--- Work order ---
The copy you print must match the listing exactly, with its pictures removed.

--- Data for this exercise ---

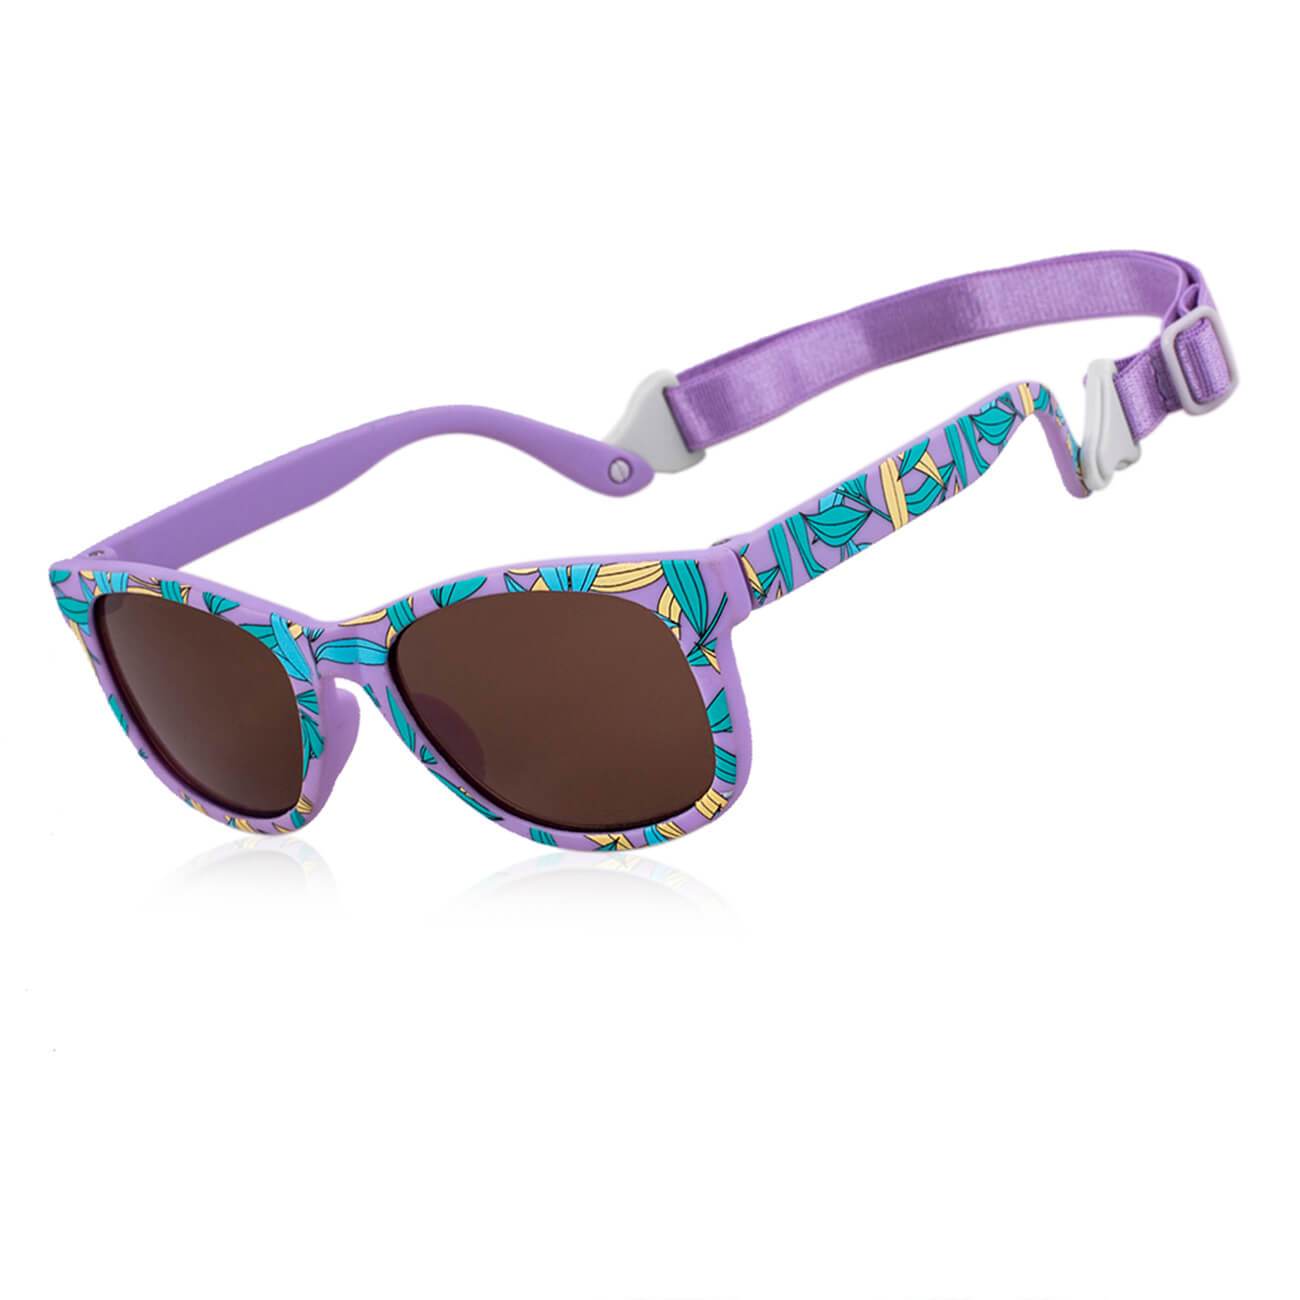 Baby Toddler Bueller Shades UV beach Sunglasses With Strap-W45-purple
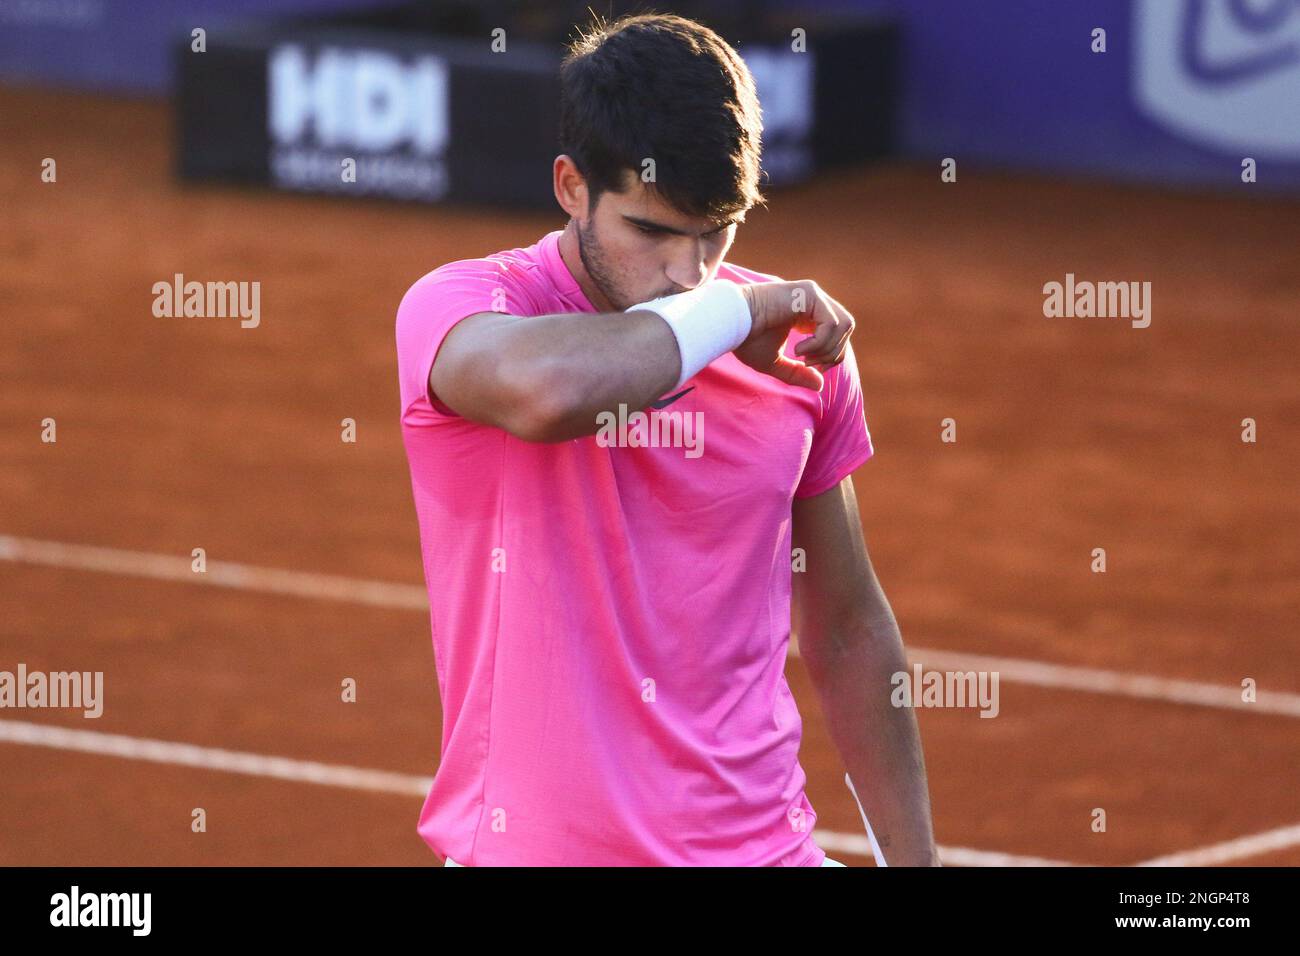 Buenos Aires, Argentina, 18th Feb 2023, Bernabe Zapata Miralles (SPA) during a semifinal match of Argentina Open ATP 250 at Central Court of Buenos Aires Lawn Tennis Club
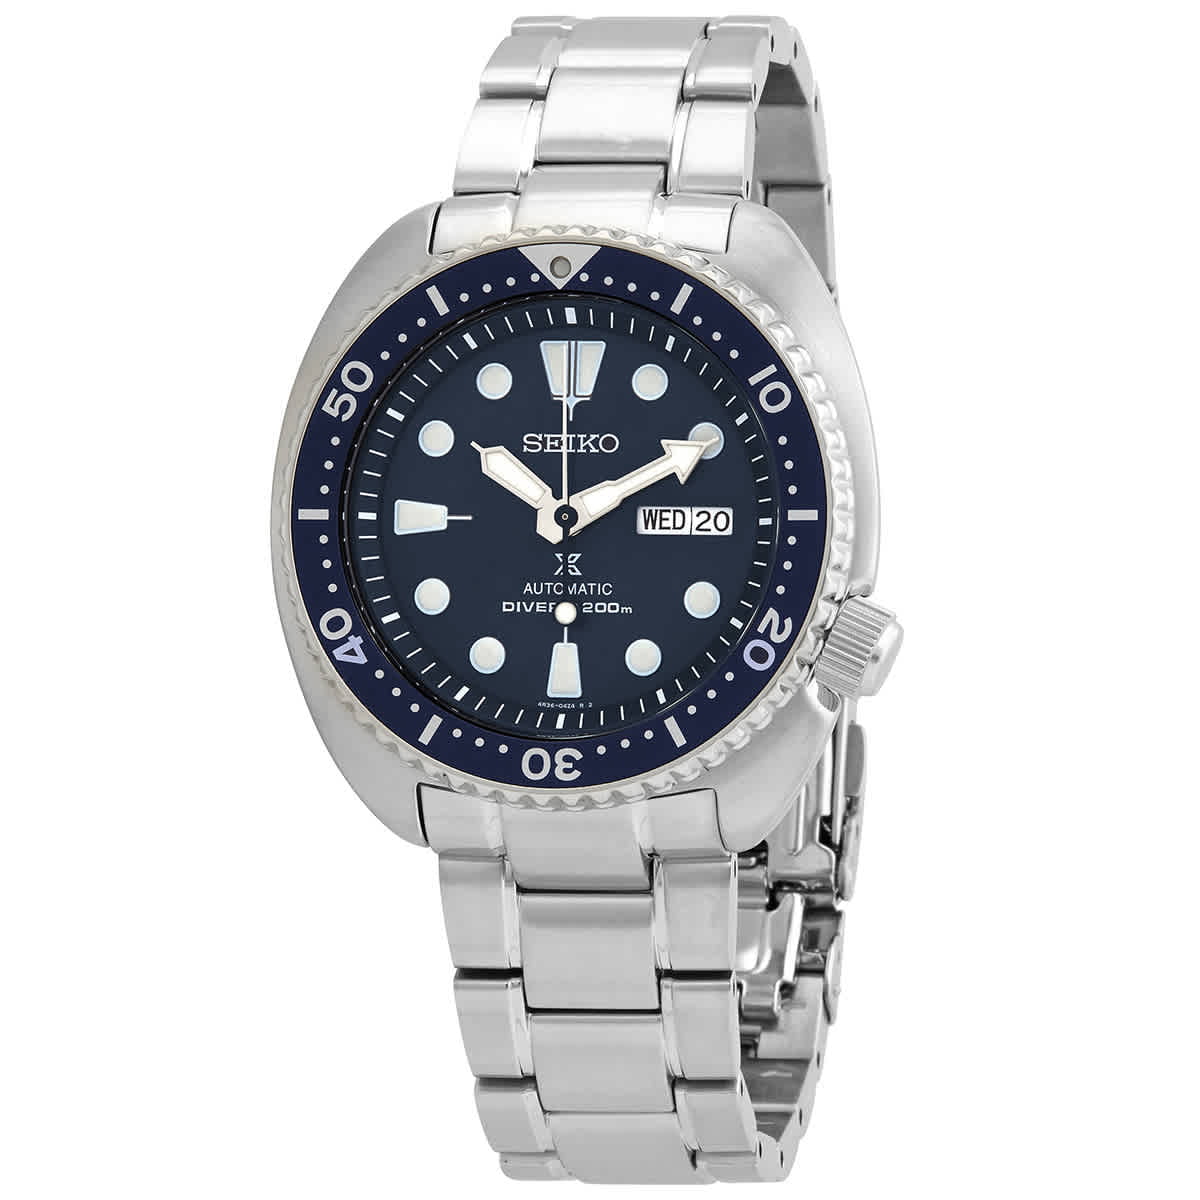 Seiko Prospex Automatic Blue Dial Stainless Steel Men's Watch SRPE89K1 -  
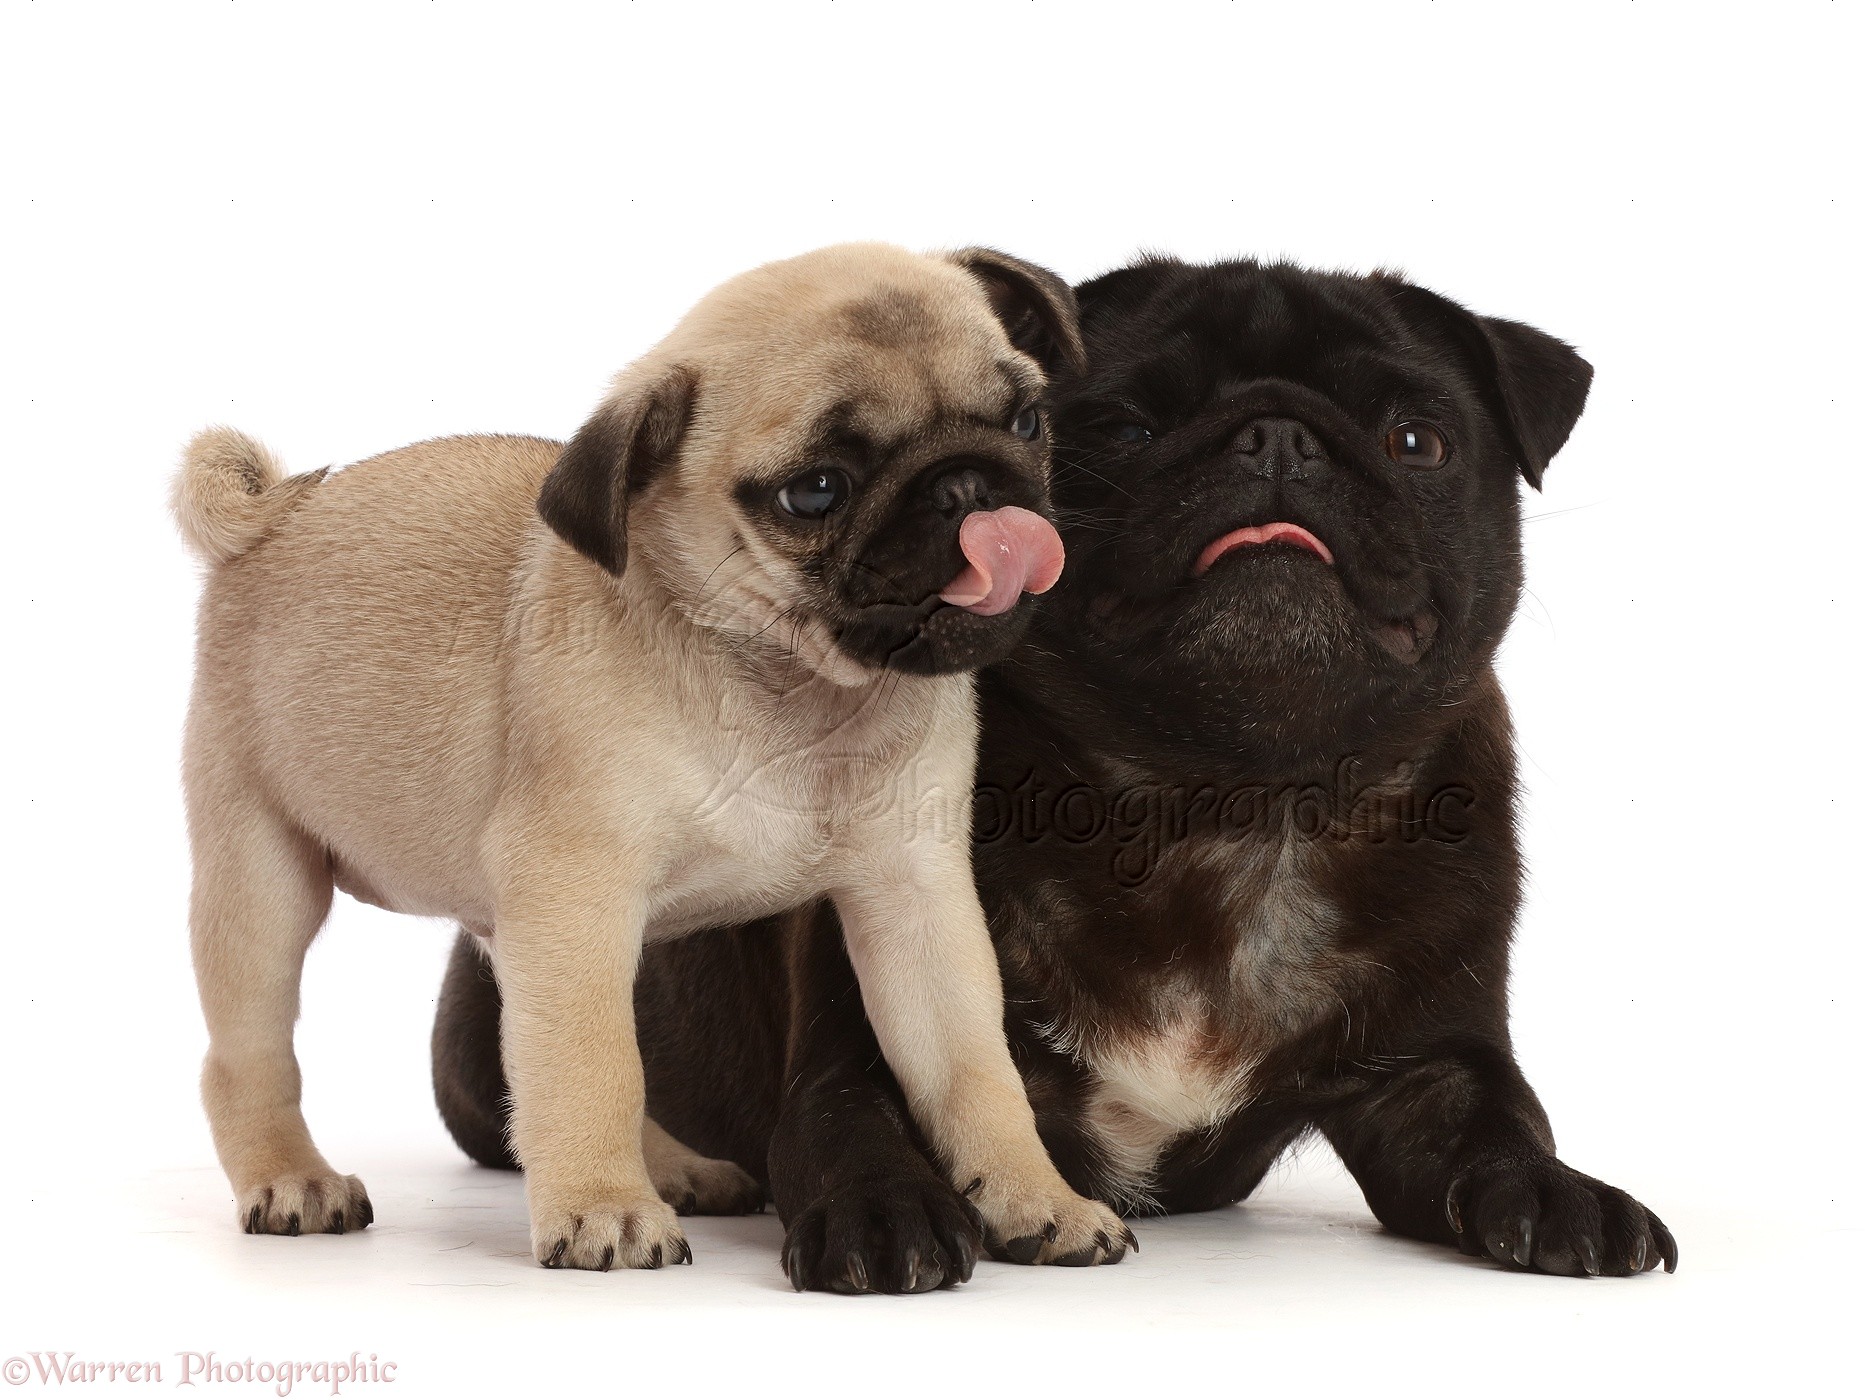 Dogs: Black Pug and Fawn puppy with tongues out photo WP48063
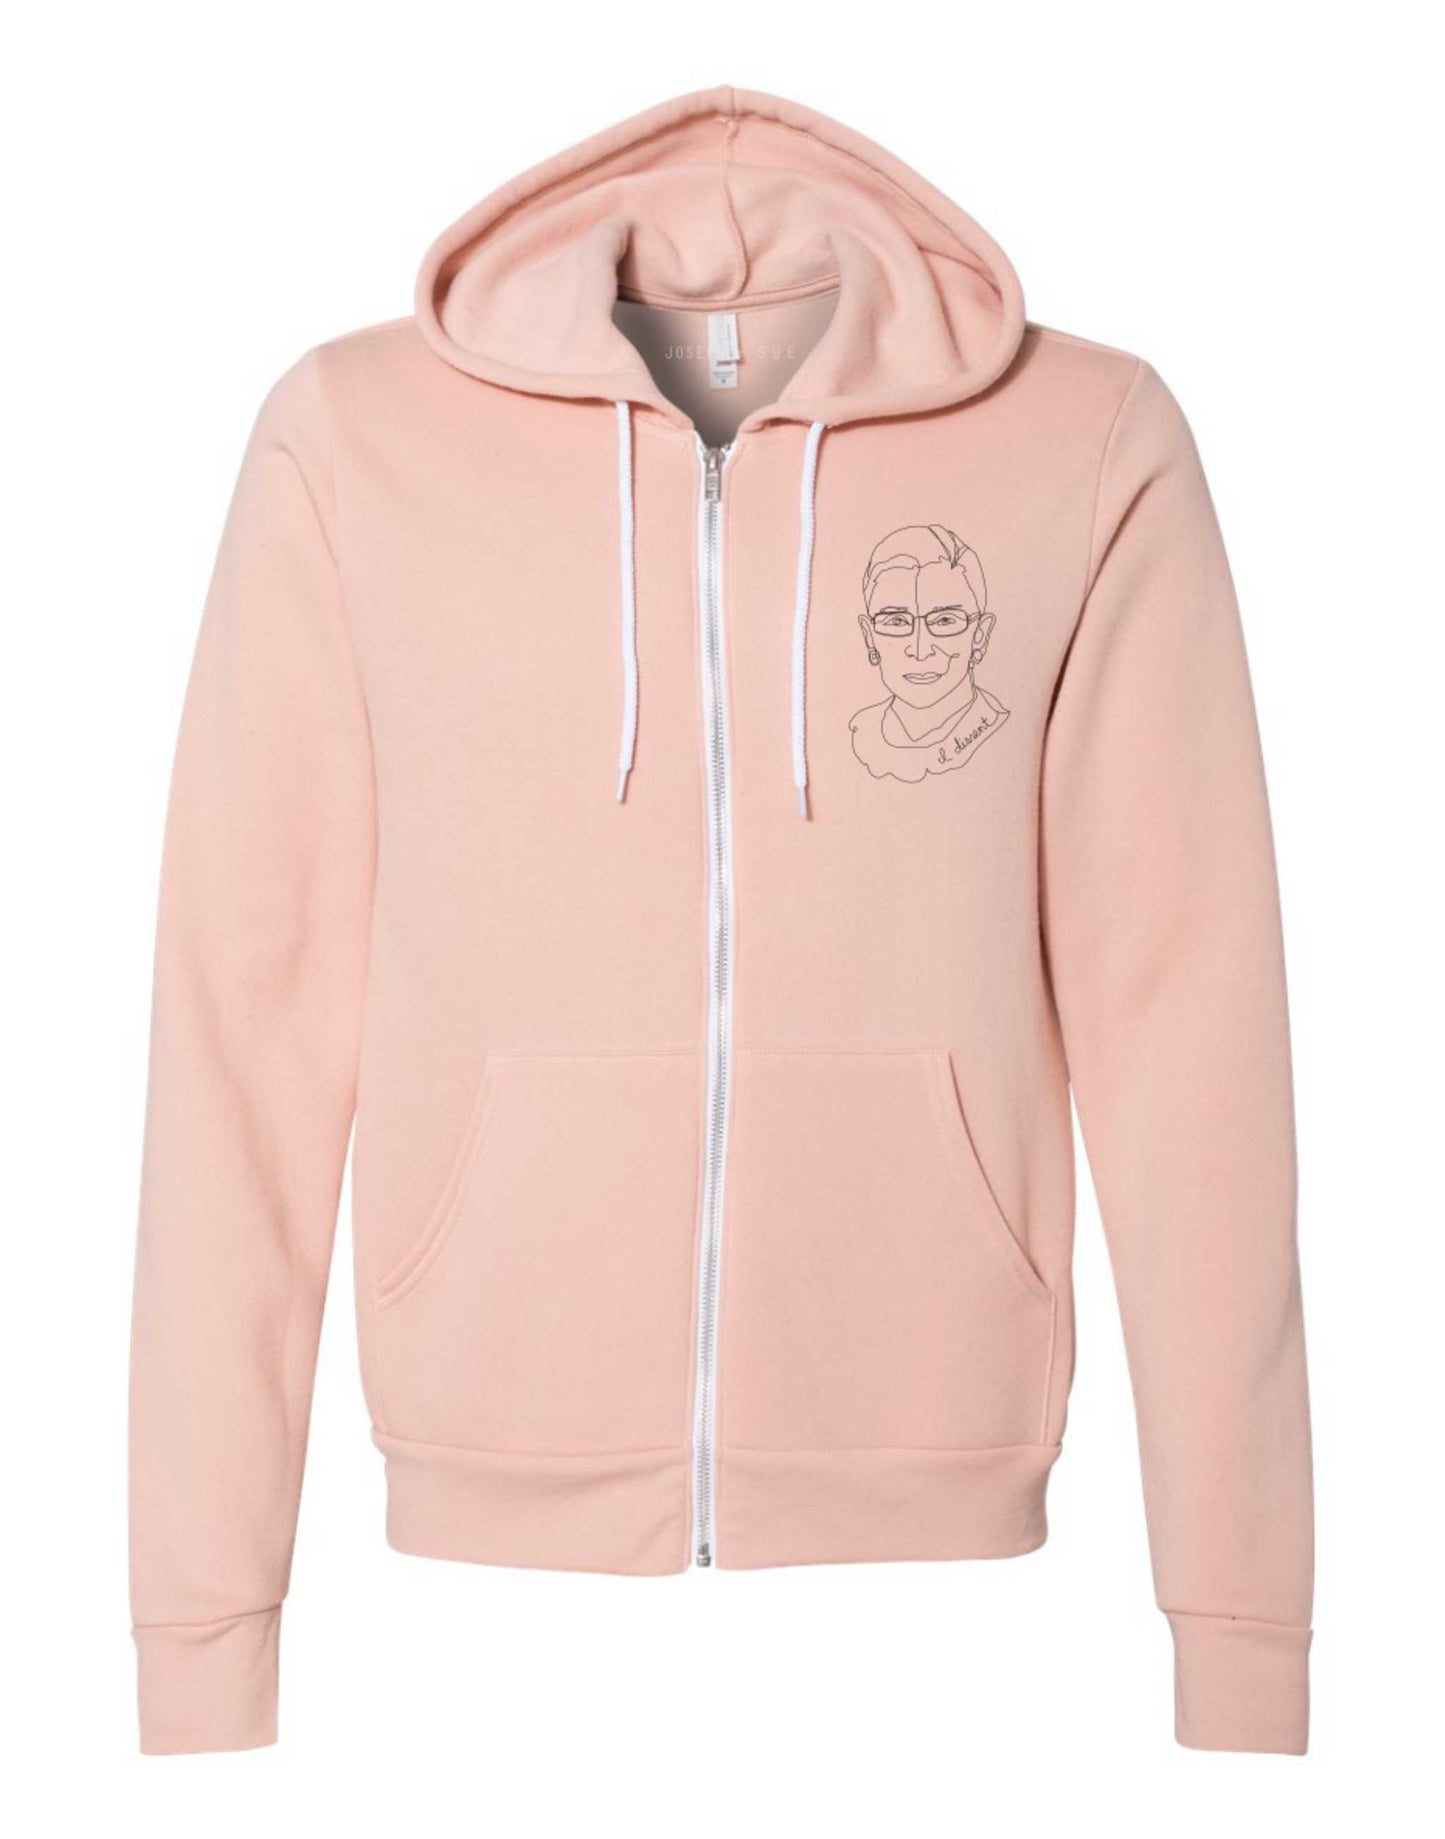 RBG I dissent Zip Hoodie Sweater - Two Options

--- Task output ---
 Baby Toddler Bueller Shades UV beach Sunglasses With Strap-W45-purple
 Buenos Aires, Argentina, 18th Feb 2023, Bernabe Zapata Miralles (SPA) during a semifinal match of Argentina Open ATP 250 at Central Court of Buenos Aires Lawn Tennis Club
 Seiko Prospex Automatic Blue Dial Stainless Steel Men's Watch SRPE89K1 -  
 Dogs: Black Pug and Fawn puppy with tongues out photo WP48063
 RBG I dissent Zip Hoodie Sweater - Two Options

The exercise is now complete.